If you want an asset to be there in a crisis, it helps if it doesn’t routinely plunge 50 percent at the worst possible time.

Some proponents argue bitcoin is “digital gold” and will shore up dollar dominance. But that argument collapses the moment you ask the practical question: What liability does bitcoin help the United States pay? What emergency does it solve? We do not run a bitcoin-denominated economy.

In other words, a government bitcoin “reserve” is really government chasing fads and making highly speculative bets with taxpayer dollars. And gambling with taxpayer dollars is not a legitimate function of government.

In late 2025, Texas seeded its new bitcoin reserve fund with $5 million, buying bitcoin at a market price of $91,336. Less than two months later, that initial purchase has lost more than 28 percent of its value.
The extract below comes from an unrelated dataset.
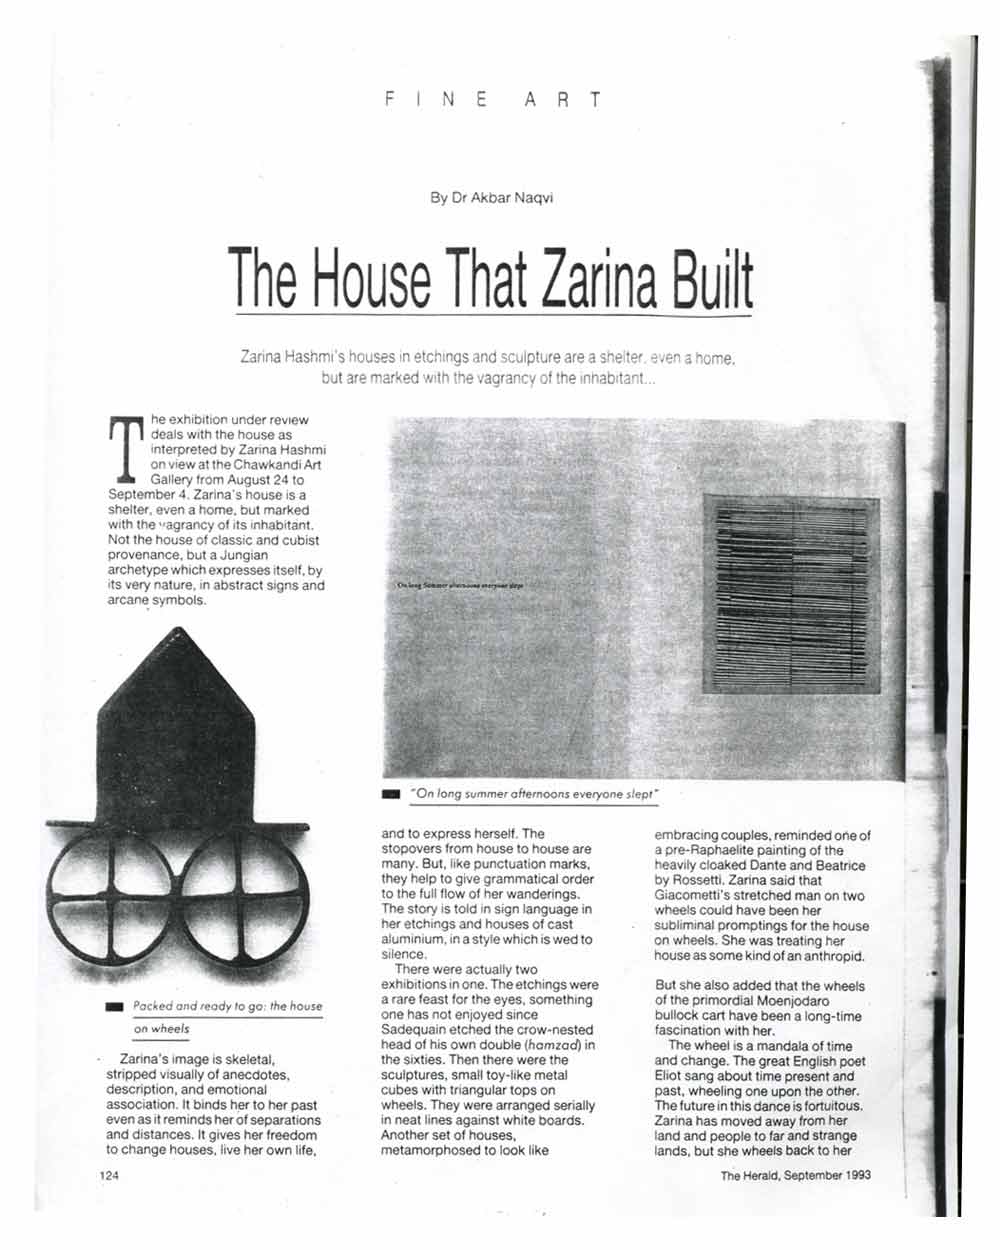 The House That Zarina Built, pg 1
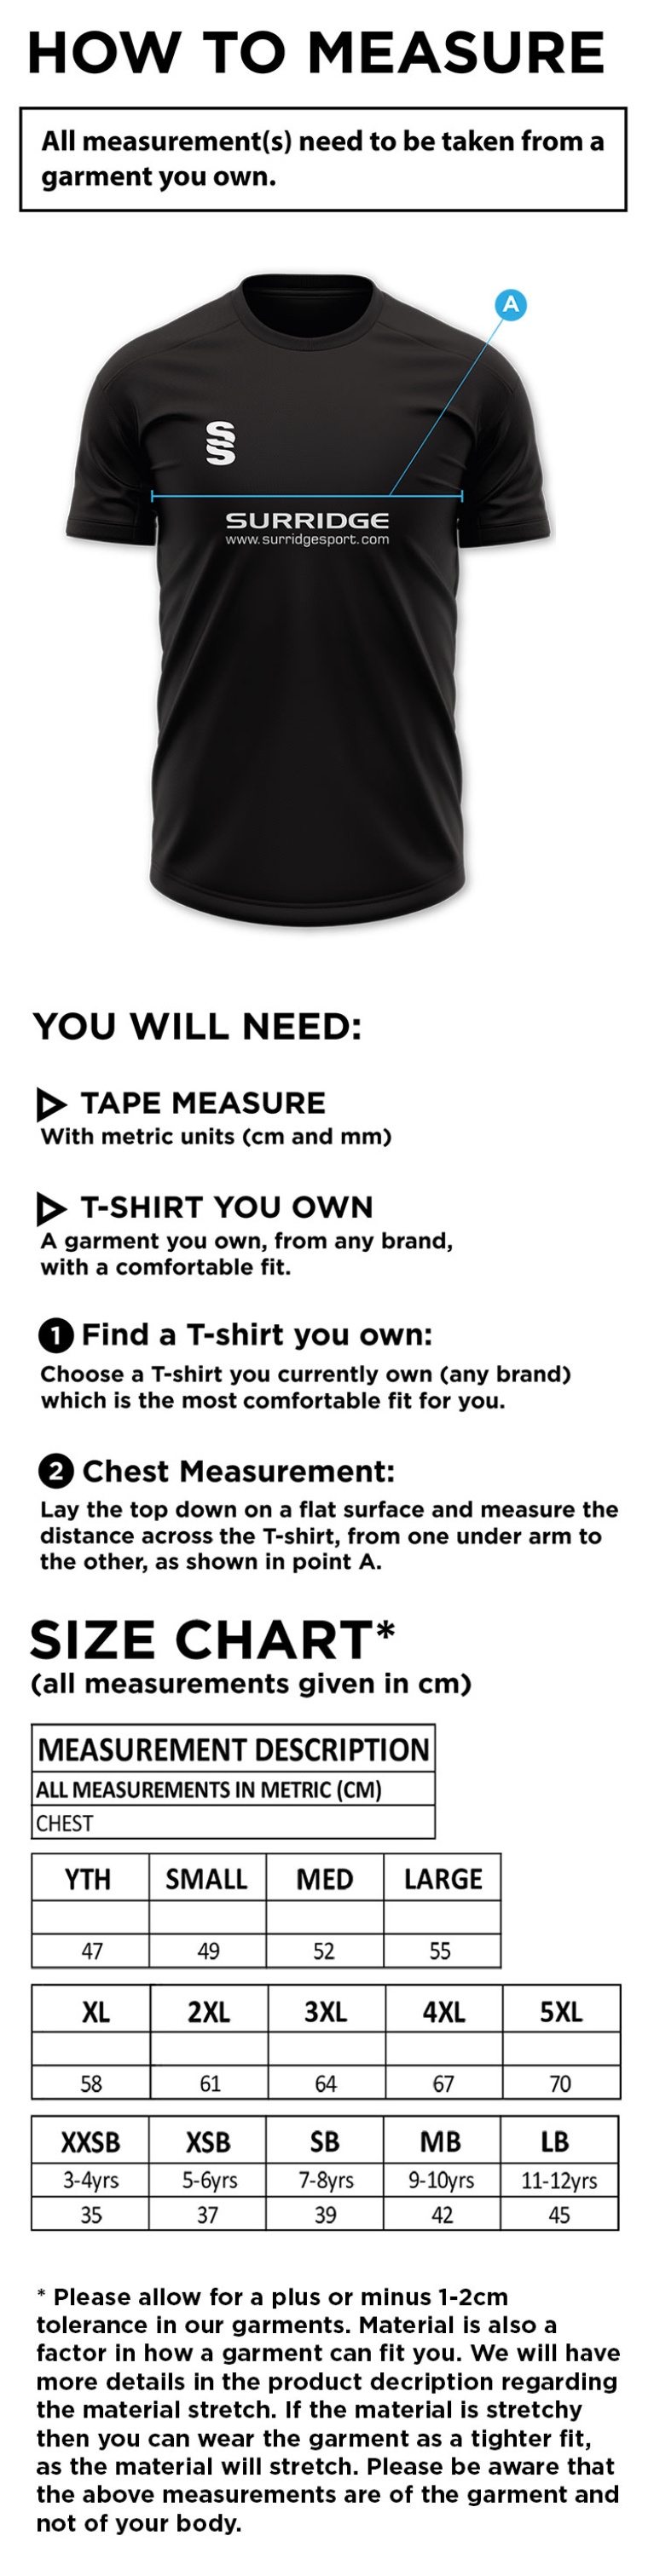 Blade Polo Shirt : Navy / Royal / White - Size Guide

Was that a good use of taxpayer dollars?

bitcoin chart

Of course, governments buying massive quantities of bitcoin would drive up the price, creating a windfall for existing holders. That’s undoubtedly why some crypto bros are pushing the idea — but that’s cronyism and wealth transfer, not sound strategy.

If a government comes into possession of bitcoin through forfeiture, it should be disposed of transparently and applied to legitimate public priorities. Locking it away indefinitely under an executive order that declares it must not be sold is the opposite of sober stewardship.

America’s strength is not that Washington is a better speculator than the market. It’s that we have the rule of law, deep capital markets, and an innovation economy that doesn’t require the federal government to run a hedge fund.